A major reason why The Eaters of Light worked so well was perhaps because of how traditional it felt. While this may be down to Munro having written for the Classic Series, it elevated the material incredibly well. It was one of those rare episodes where Doctor Who is quintessential Doctor Who. An episode that perfectly sticks to the established clichés of what we expect from a “filler” episode, but never lets them hold it back. Rona Munro has crafted one of the strongest episodes of the season. As the last “filler” episode for quite a while, Munro’s latest episode is a resounding triumph.
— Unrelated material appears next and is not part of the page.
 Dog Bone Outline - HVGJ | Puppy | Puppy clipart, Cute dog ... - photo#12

Here’s hoping it isn’t her last.
Trivia and Speculation:
With Missy’s appearance in this episode, both stories Rona Munro has penned for the show have featured the Master; with Anthony Ainley’s incarnation of the Time Lord appearing as the main antagonist of her earlier story Survival.
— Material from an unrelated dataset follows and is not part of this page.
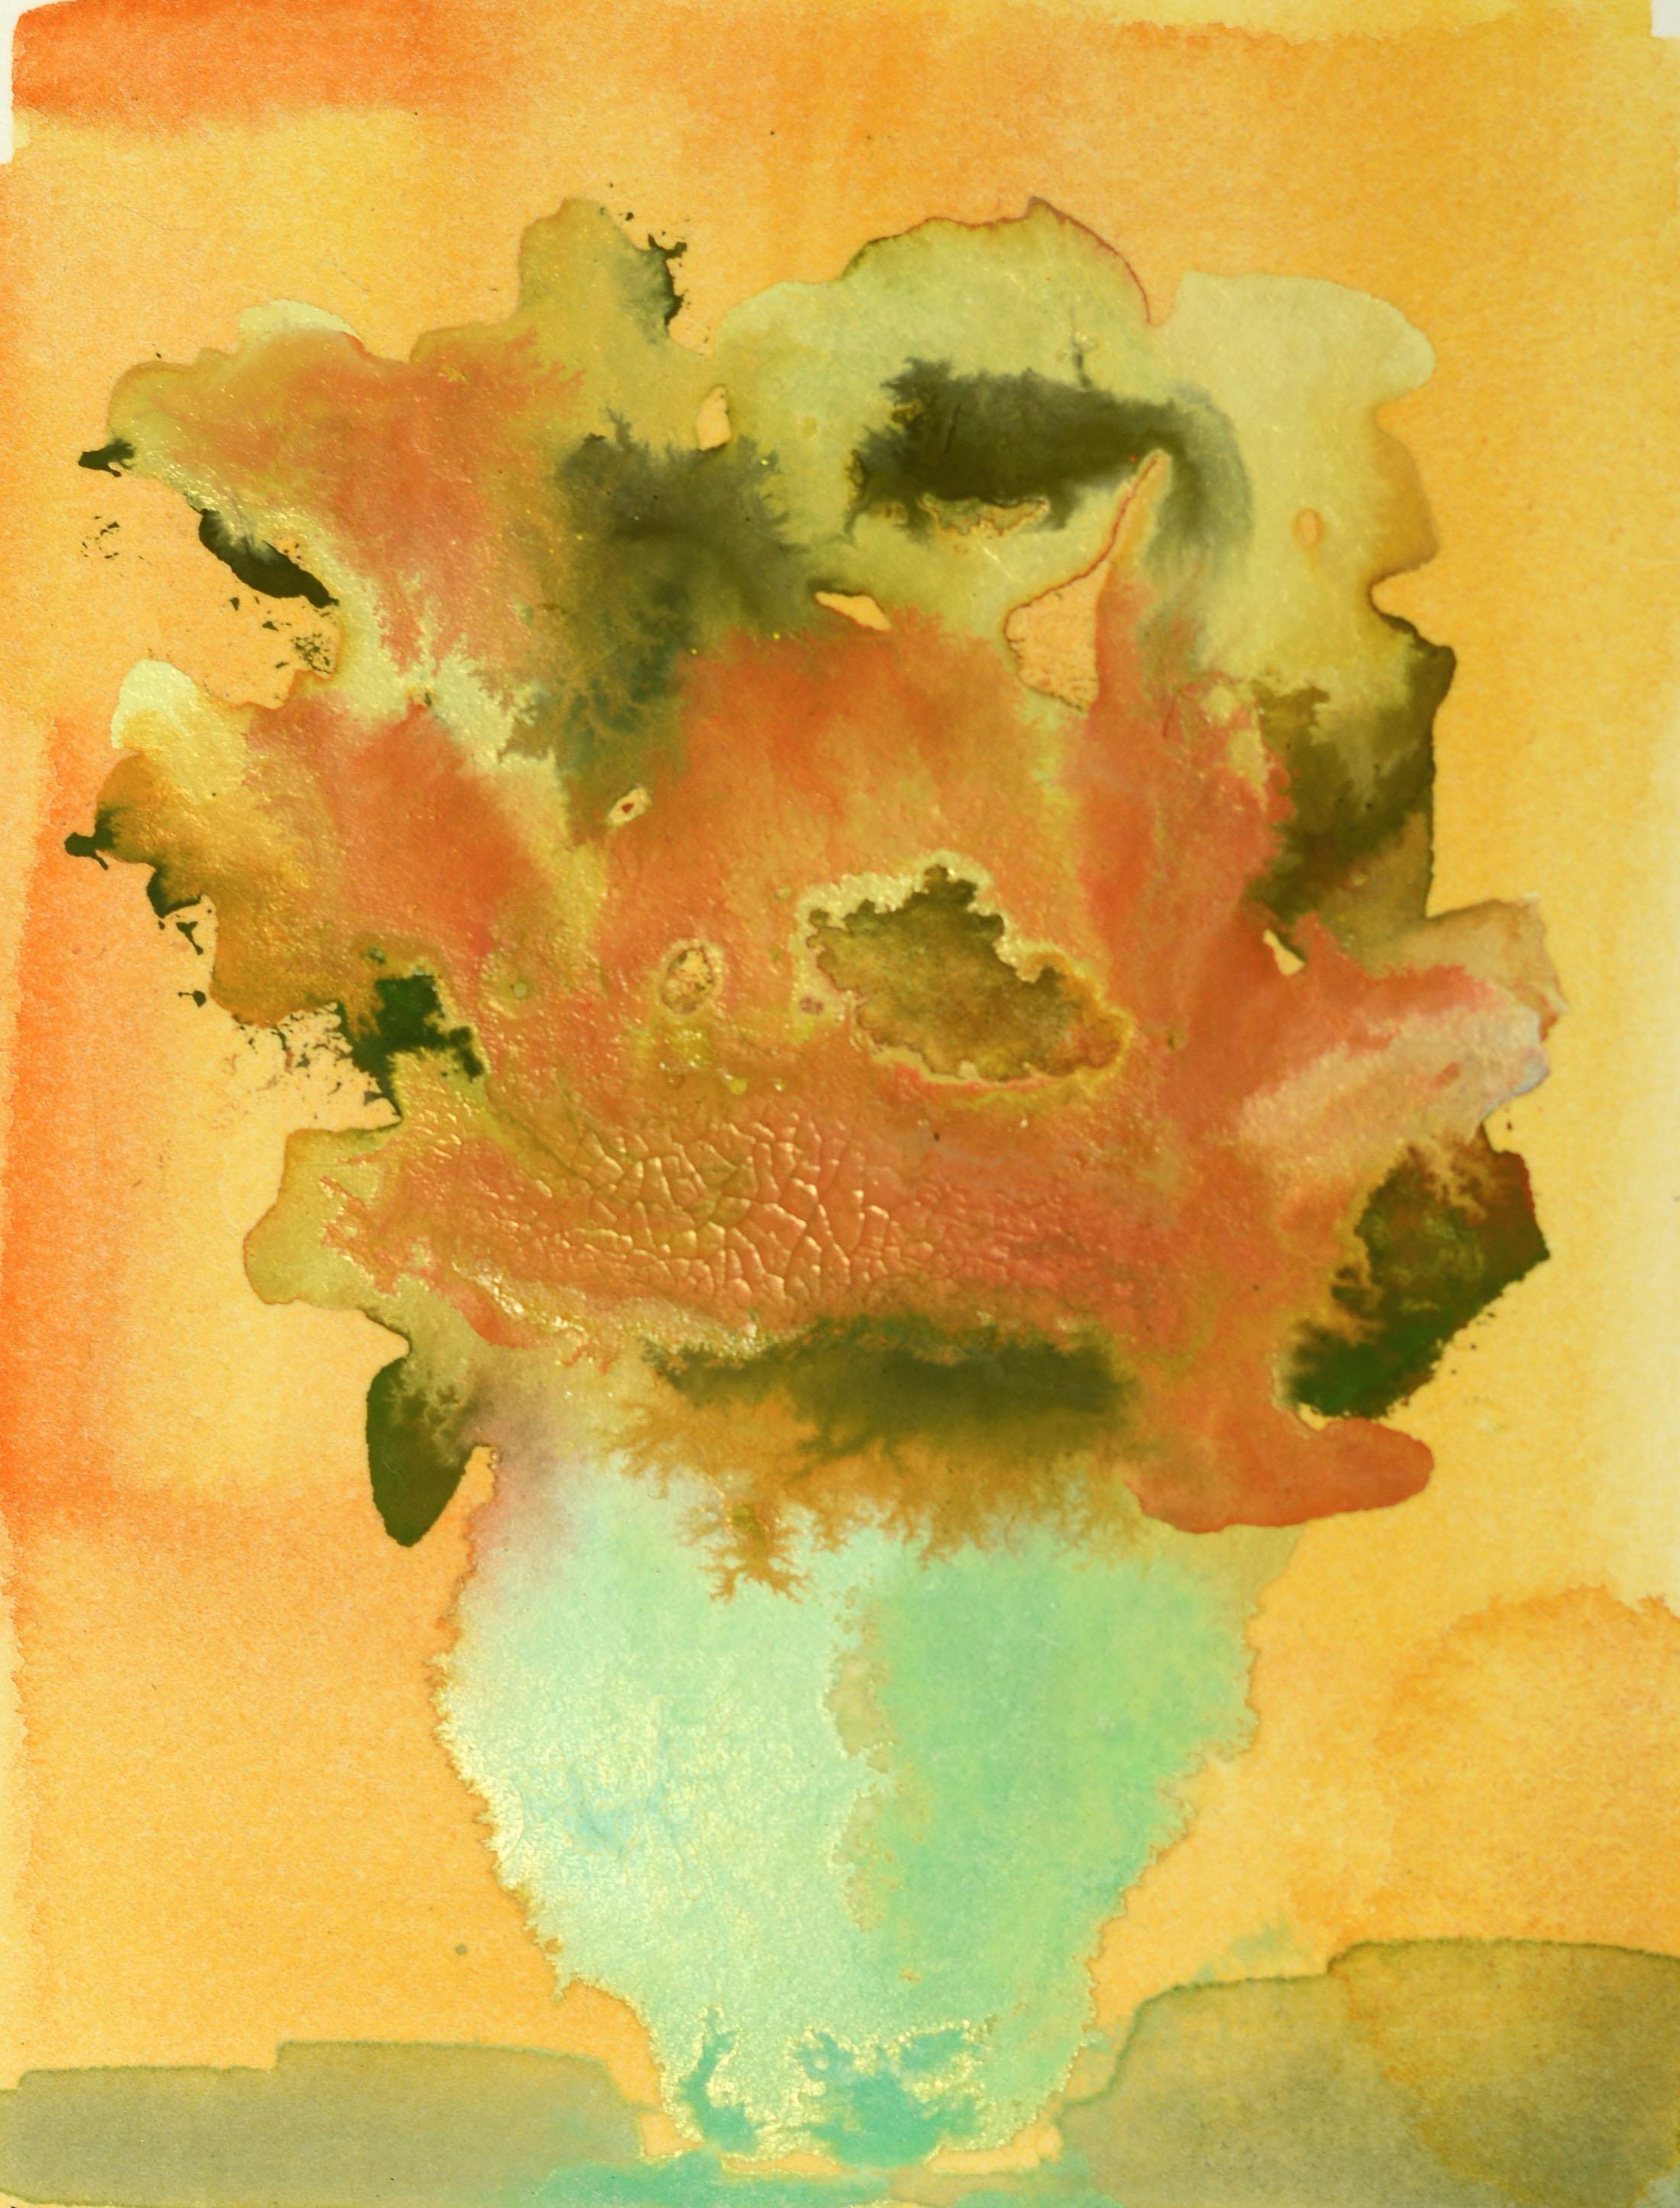 Rebecca_Kinkead_Sunflowers_4x3 inset on 11 x 7.5 paper.jpg

It perhaps fitting that an episode set in Scotland would be Scottish actor Peter Capaldi’s final “average” episode of the show. Previous episodes set in Scotland include 2006’s Tooth and Claw (which according to rumours was only set in the country to allow David Tennant to use his native Scottish accent), 2015’s Under the Lake/Before the Flood, 1967’s The Highlanders and 1975’s Terror of the Zygons. Peter Capaldi is the third Scottish actor to portray the Doctor; Sylvester McCoy and David Tennant both hail from Scotland. The Doctor has had various companions from Scotland including the Second Doctor’s companion Jamie McCrimmon and the Eleventh Doctor’s companion Amy Pond, played by Scottish actress Karen Gillian. Neve McIntosh, the actress behind Silurian detective Madame Vastra, also comes from Scotland.
The episode marks another appearance by Romans. Romans have been seen in many episodes across the show’s history; more recently in 2008’s The Fires of Pompeii and 2010’s The Pandorica Opens. In a pure coincidence, The Eaters of Light aired on the birthday of actor Arthur Darvill, who played companion Rory Williams from 2010 to 2012. Rory was memorably erased from time in his debut series and would later reappear as a Roman Centurion in The Pandorica Opens. Rory would don his Roman armour in two later episodes; A Christmas Carol and A Good Man Goes to War and it is considered his iconic outfit. It is a fun coincidence then that the episode featuring an appearance by Romans would air on Darvill’s birthday. An even more interesting coincidence that the episode would see a Roman soldier form a close bond with a Scottish redhead, since Darvill’s on-screen wife in Doctor Who was none other than Scottish redhead Amy Pond. It gets even more interesting still as Rory and Lucius have both spent thousands of years guarding a prison of sorts; Rory guarding the Pandorica and Lucius guarding the gateway to the Eater’s dimension.
Rona Munro’s first Doctor Who episode, Survival, originally aired in 1989. Rona Munro’s return to Doctor Who in 2017 is the longest gap between episodes of the show penned by the same writer with a remarkable 28 years!
The ending scene of this episode implies Missy’s Heel-Face turn is genuine, but the Doctor isn’t too sure. Could we be in for the Doctor not trusting Missy and this sending her back down the path of darkness?